Menariknya, terdapat perbedaan sanksi antara pelaku politik uang dalam pemilihan umum (pemilu) dan pemilihan kepala daerah (pilkada), di mana sanksinya lebih berat pada pilkada.
“Di Pilkada, sanksi bagi pelaku politik uang lebih berat daripada di Pemilu,” ungkap Titi Anggraini, Pembina Perkumpulan untuk Pemilu dan Demokrasi (Perludem), saat memberikan pernyataan di Jakarta.
Berdasarkan Pasal 187A Undang-Undang Nomor 10 Tahun 2016, pelaku politik uang, baik pemberi maupun penerima, dapat dikenai hukuman di setiap tahapan pilkada.
Sanksi berlaku tidak hanya pada masa kampanye atau hari pemungutan suara, tetapi juga pada seluruh tahapan pilkada.

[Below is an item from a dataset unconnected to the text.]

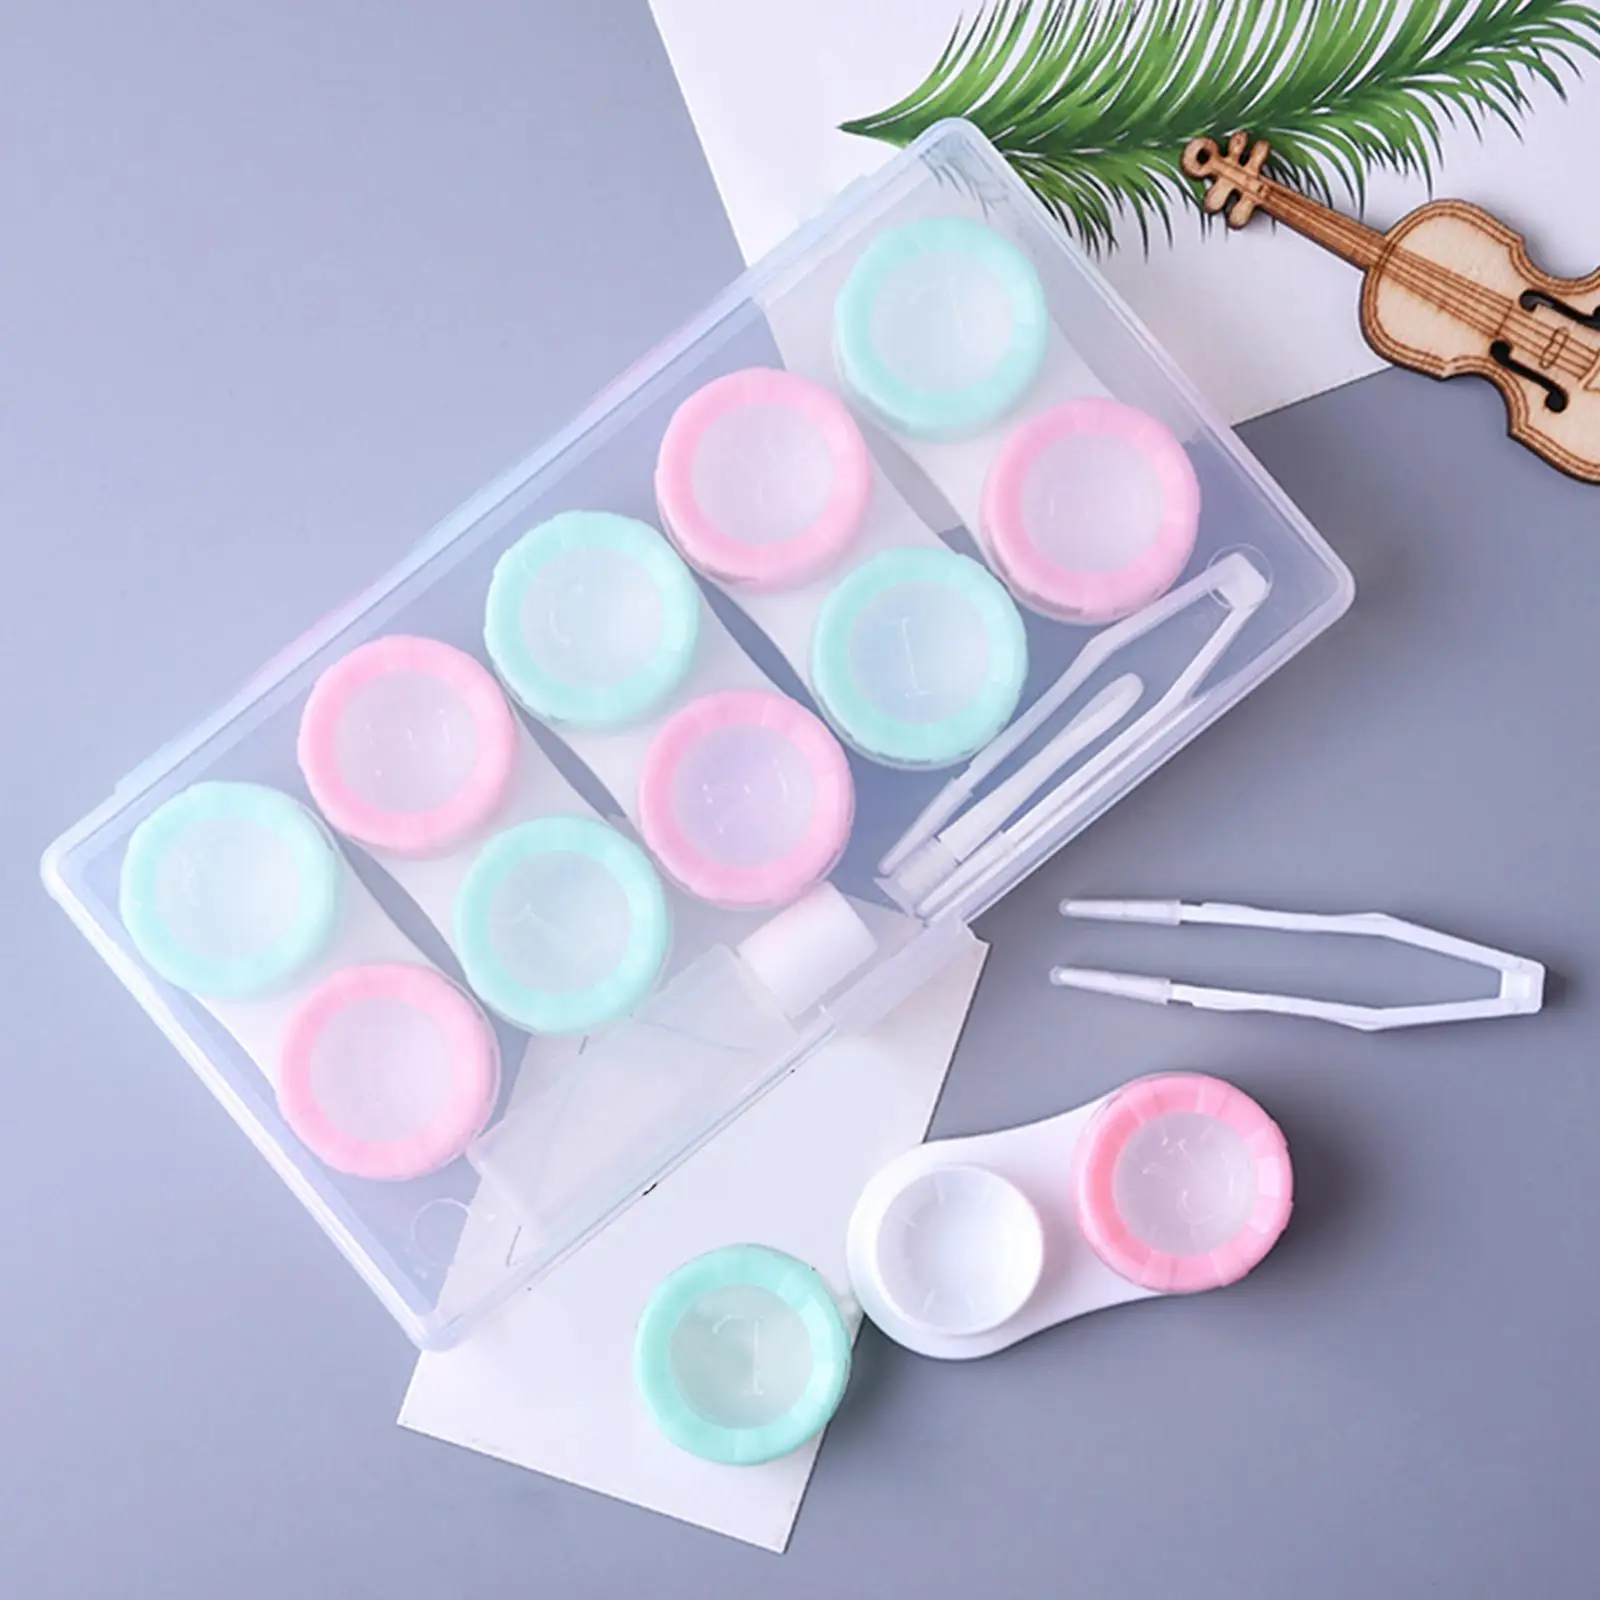 Portable 5 Pairs Contact Lens Case Container Soaking Storage Box No Leakage L R Covers Contact Lenses Glasses Holder for Women

“Sanksinya adalah pidana penjara minimal 36 bulan (3 tahun) dan maksimal 72 bulan (6 tahun) serta denda minimal Rp200 juta dan maksimal Rp1 miliar,” jelas Titi.

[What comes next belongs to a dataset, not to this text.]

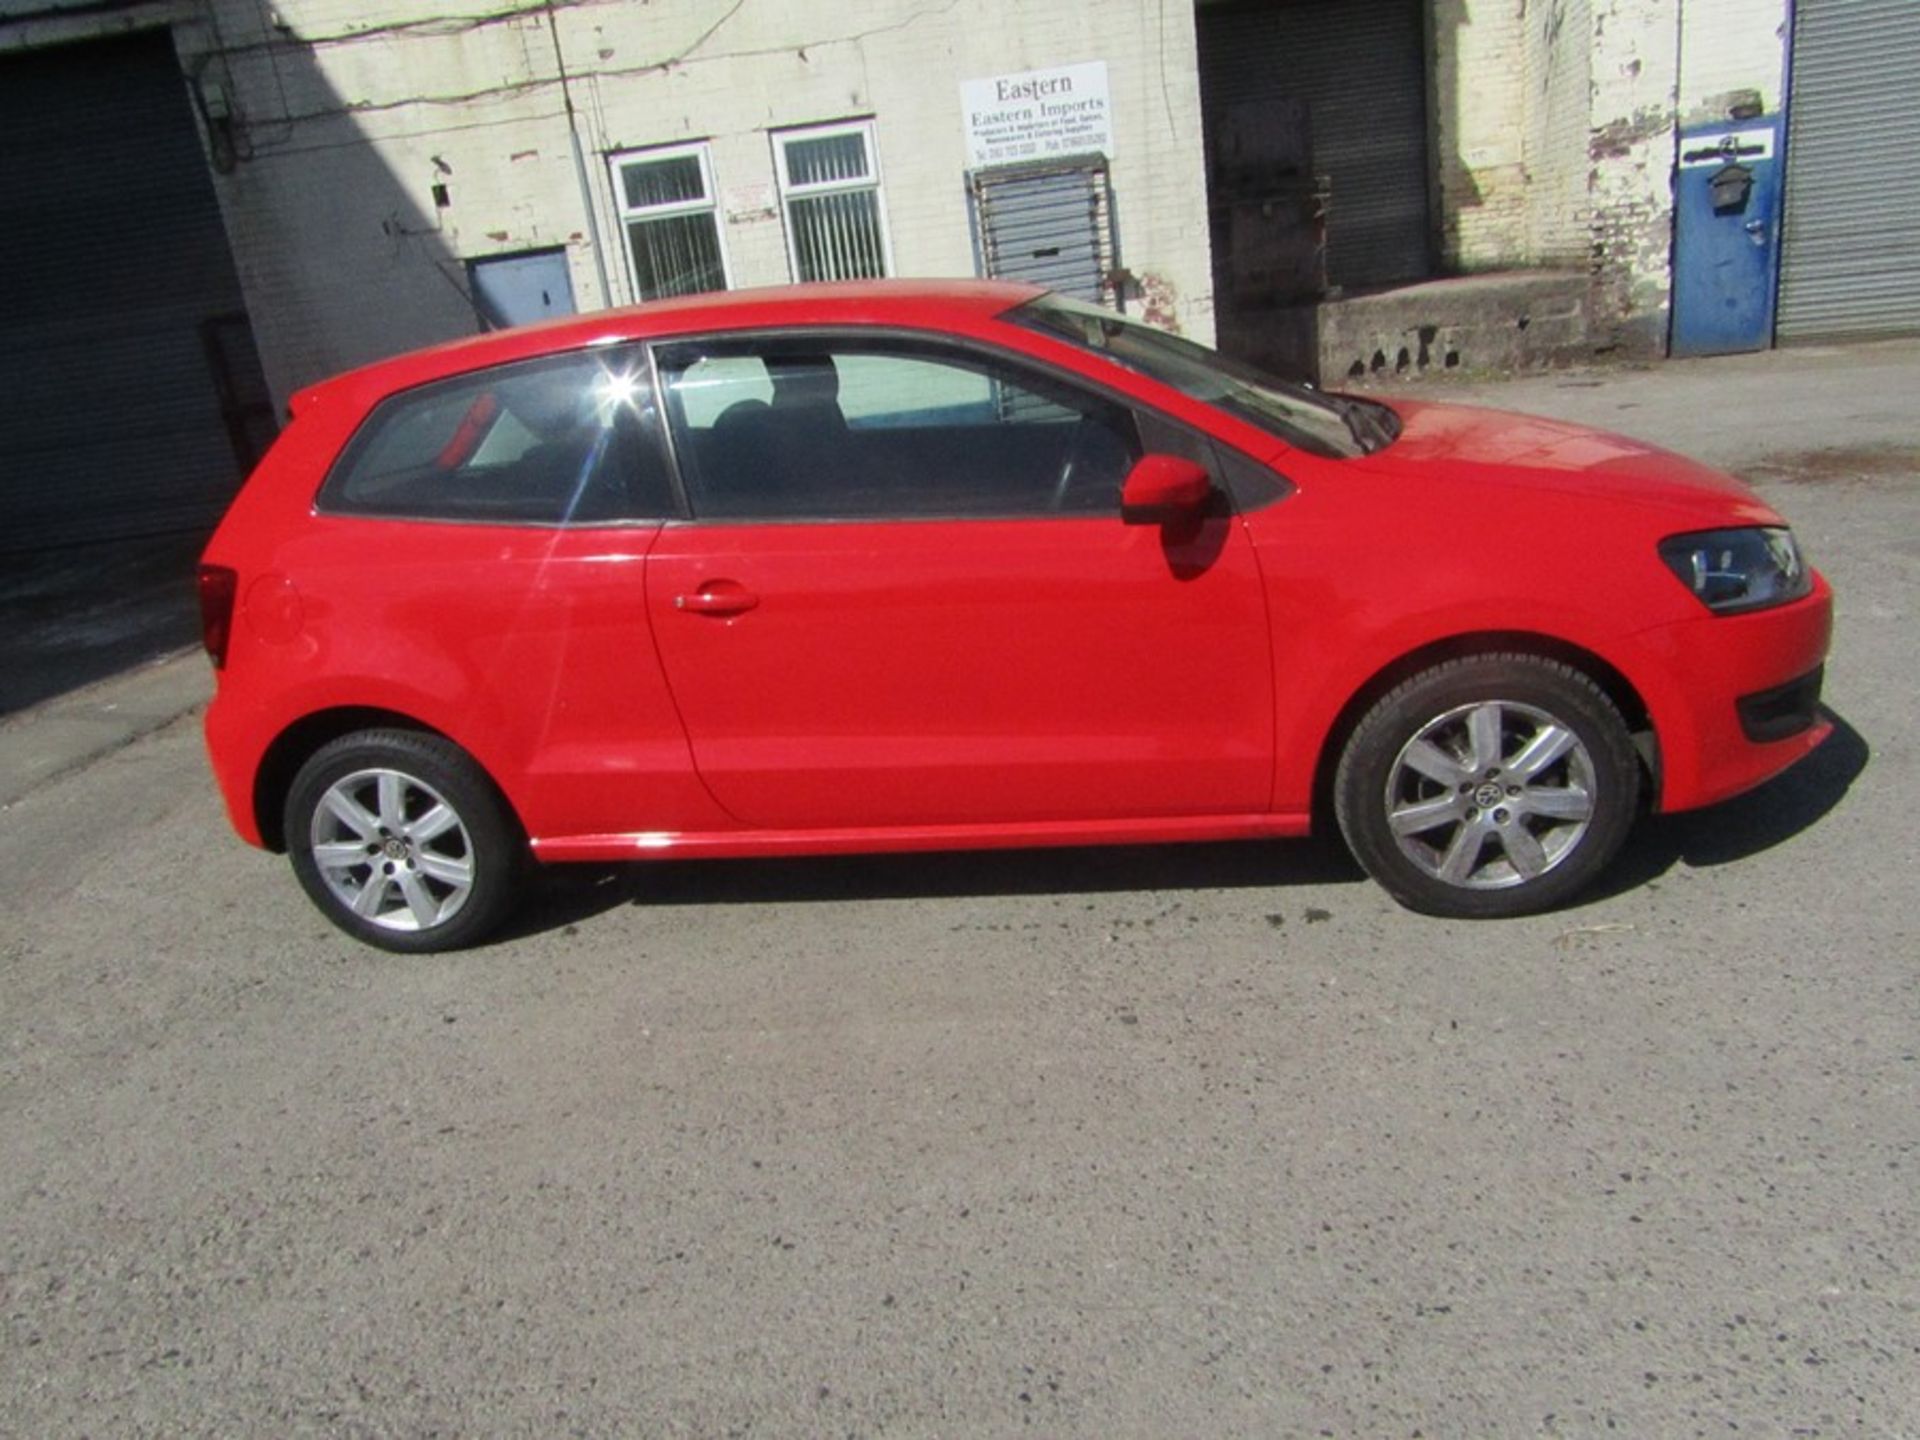 60 Plate Volkswagon Polo SE 1.2, 86,828 miles which appears to match up with previous MOT's (this - Image 2 of 10

Ia menambahkan bahwa penerima politik uang juga akan dikenakan sanksi yang sama.
“Bayangkan, hanya karena menerima uang Rp100 juta, bisa dikenai denda Rp200 juta dan hukuman penjara 3 sampai 6 tahun,” tegasnya.
Titi pun mengingatkan masyarakat untuk lebih waspada terhadap ancaman sanksi dan tidak tergoda melakukan politik uang, mengingat dalam banyak kasus, pelaku utama sering lolos dari jeratan hukum.
“Biasanya, aktor intelektualnya tidak tersentuh. Yang bisa diproses hanya operator lapangan. Dan tindak pidana politik uang menempati urutan kedua pelanggaran paling banyak pada Pilkada 2020,” ungkapnya.
Sementara itu, pelanggaran tertinggi dalam pilkada, menurut Titi, adalah terkait netralitas aparatur sipil negara (ASN) dan kepala desa.
Dengan sanksi yang lebih berat dan ancaman pidana yang serius, masyarakat diharapkan lebih waspada dan menolak segala bentuk politik uang dalam pilkada demi terciptanya proses pemilihan yang bersih dan adil.